The K Line will serve the communities of West Adams, Jefferson Park, Baldwin Hills, Leimert Park, Hyde Park, Inglewood, Westchester and more. Seven K Line stations will be opening in fall 2022.
Welcome
The K Line was designed and built with the help of community input and local voices to provide a faster, more convenient and reliable way to connect to jobs, schools and the rich cultural places throughout these communities. The K Line will connect to the Metro E K線戰法和菲波納奇技術 Line (Expo), which travels between downtown LA and Santa Monica.

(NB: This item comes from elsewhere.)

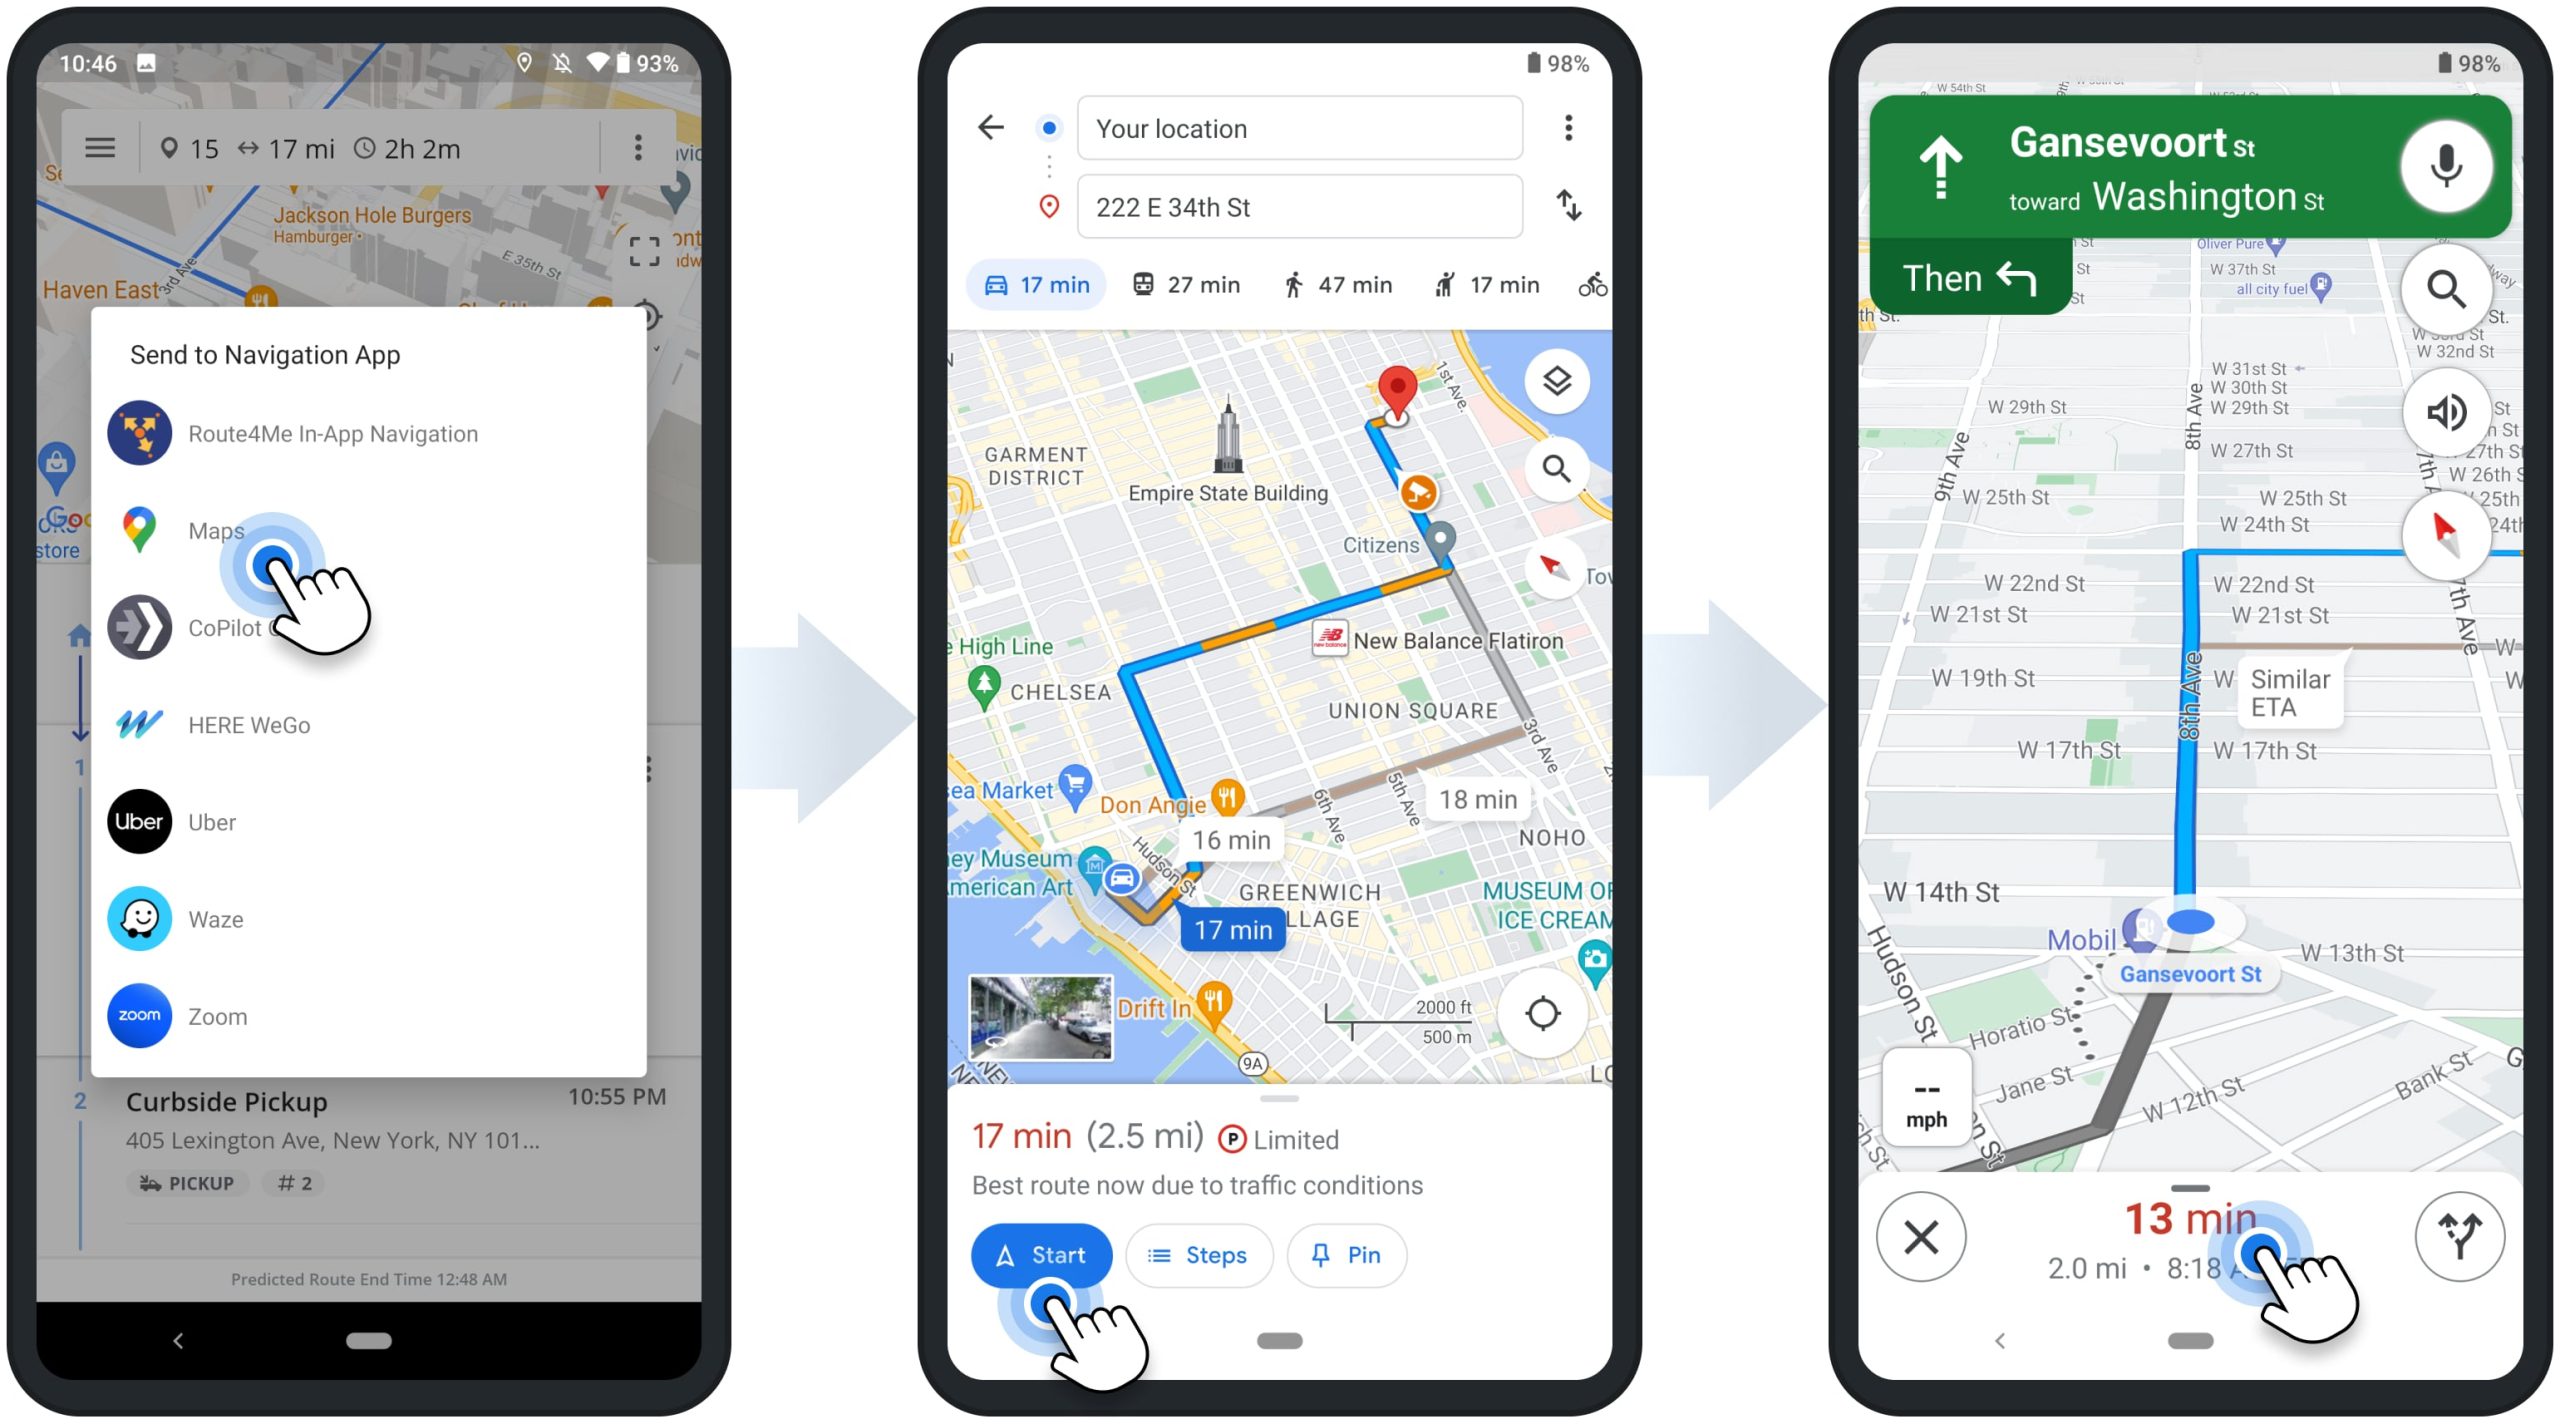 Google Maps route planner GPS navigation for navigating sequenced routes from Route4Me Android Route Planner app for drivers.

By 2024, the K Line will also connect to the new LAX/Metro K線戰法和菲波納奇技術 Transit Center Station, the new Aviation/Century Station and the Metro C K線戰法和菲波納奇技術 Line (Green).
Meet the K Line!
Note: Aviation/Century Station is projected to open in 2023, while LAX/Metro Transit Center Station is scheduled to open in 2024.
transformer中的Q,K,V到底是什么?
吴昊
Q、K是用来搬运信息的,而V本身就是从token当中搬运出来的信息
1. 啥是Q、K
聪明的 小明 在一间 明亮的 教室 写 一份很难的 作业。
假设“小明”这个主语所对应的token是一个高维空间 \bold^d 当中的一个点,当我们用“聪明的”这个形容词来修饰这个主语之后,那这个主语在空间 \bold^d 当中的位置相较于不被定语修饰的token的位置应该是有一定修改的,否则修饰和没修饰就没区别。
这个修改是怎么产生的?就是通过 \bold_ 与 \bold_ 做内积之后,与 \bold_ 线程并且加上 \bold_ 得来的,相当于Q和K决定了修改的幅度(幅度可正可副),而V用来决定修改的方向。